= TASK TO COMPLETE =
Reproduce every line below exactly as written; do not include the images.

= RECORDED DATA =

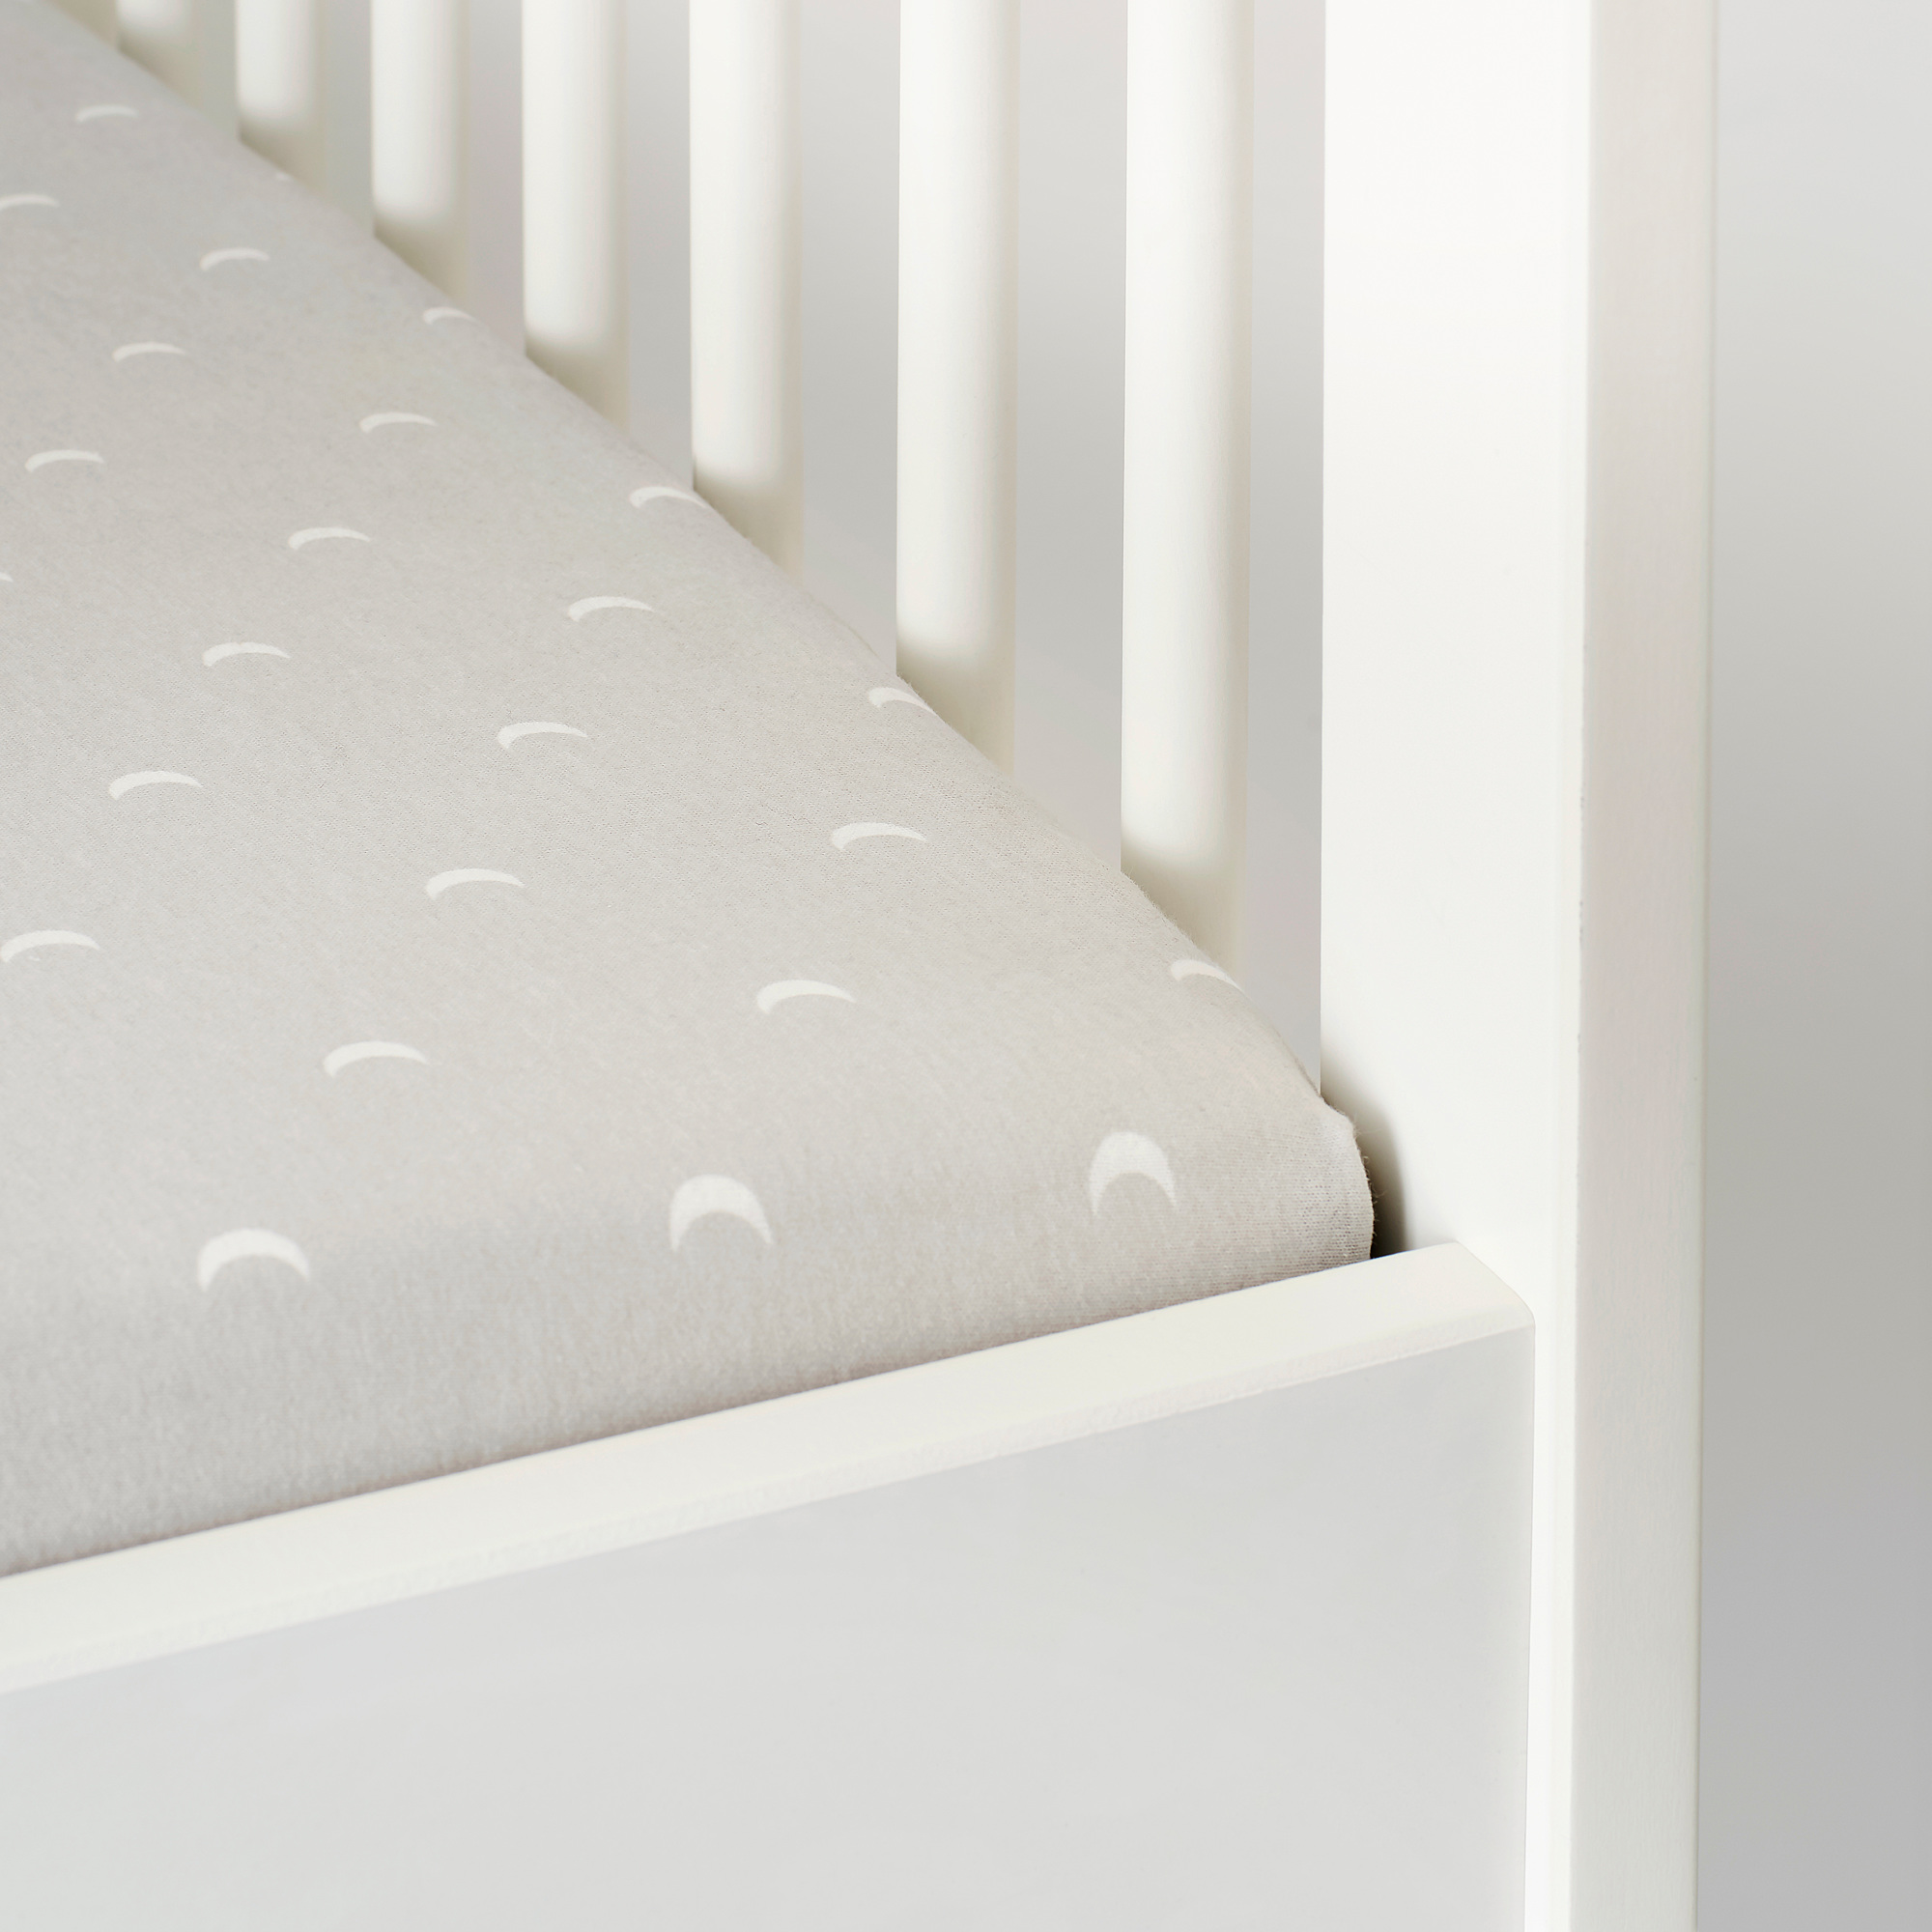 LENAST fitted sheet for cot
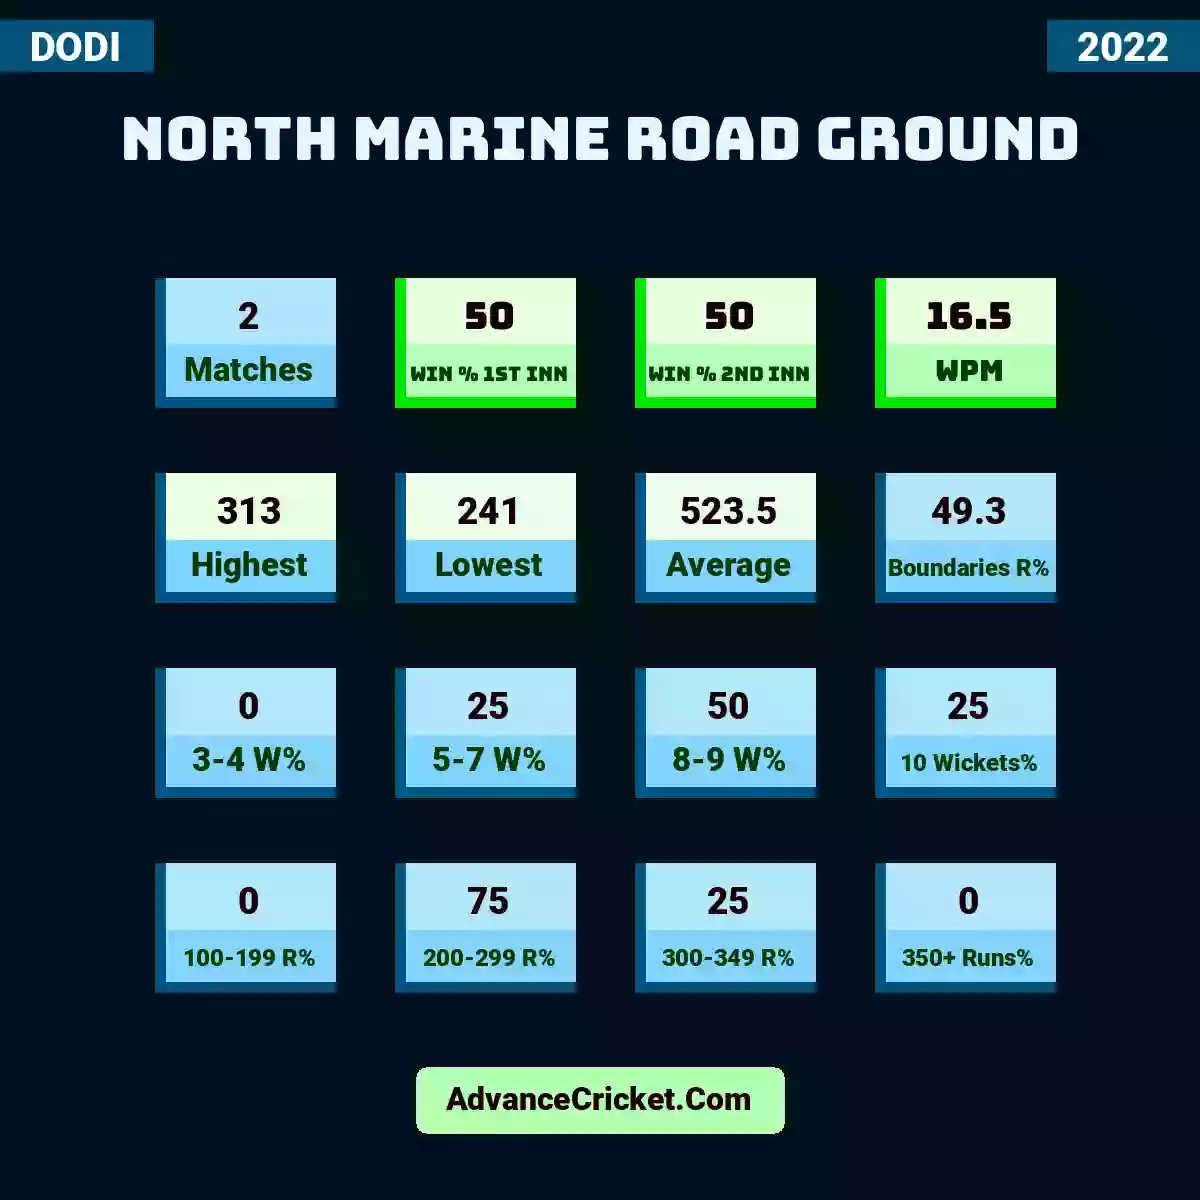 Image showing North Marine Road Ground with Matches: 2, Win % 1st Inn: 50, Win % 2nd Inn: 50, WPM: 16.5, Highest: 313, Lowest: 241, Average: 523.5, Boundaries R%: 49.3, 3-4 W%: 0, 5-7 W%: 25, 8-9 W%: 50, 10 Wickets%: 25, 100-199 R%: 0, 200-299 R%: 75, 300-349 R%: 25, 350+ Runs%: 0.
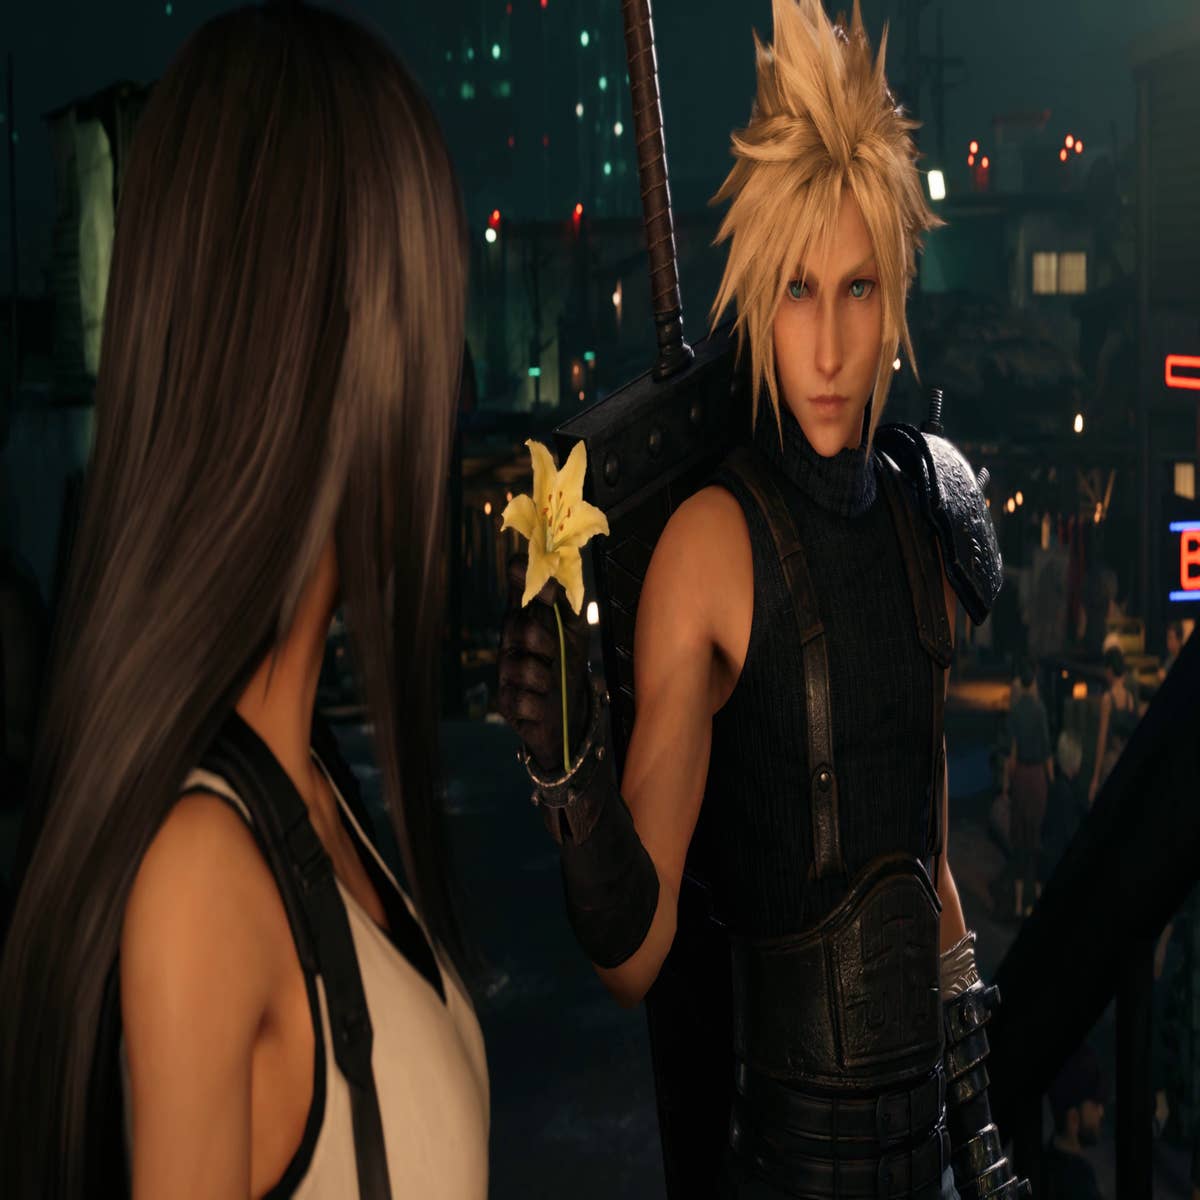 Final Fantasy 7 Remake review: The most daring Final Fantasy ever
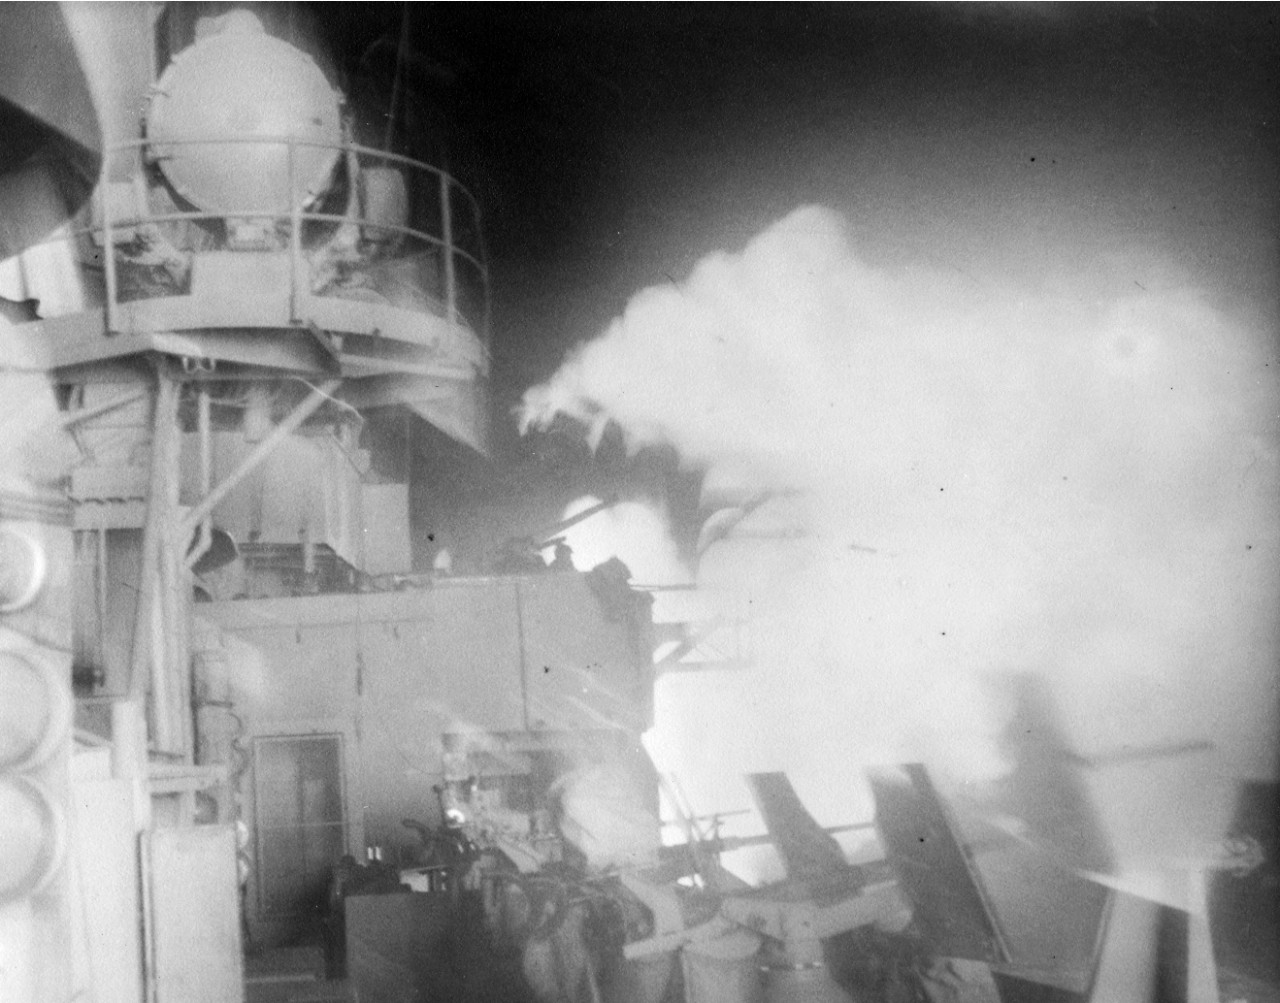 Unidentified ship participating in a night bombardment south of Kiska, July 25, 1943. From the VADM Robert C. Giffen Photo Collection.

= TASK ANSWER =
 LENAST fitted sheet for cot
 Image showing North Marine Road Ground with Matches: 2, Win % 1st Inn: 50, Win % 2nd Inn: 50, WPM: 16.5, Highest: 313, Lowest: 241, Average: 523.5, Boundaries R%: 49.3, 3-4 W%: 0, 5-7 W%: 25, 8-9 W%: 50, 10 Wickets%: 25, 100-199 R%: 0, 200-299 R%: 75, 300-349 R%: 25, 350+ Runs%: 0.
 Final Fantasy 7 Remake review: The most daring Final Fantasy ever
 Unidentified ship participating in a night bombardment south of Kiska, July 25, 1943. From the VADM Robert C. Giffen Photo Collection.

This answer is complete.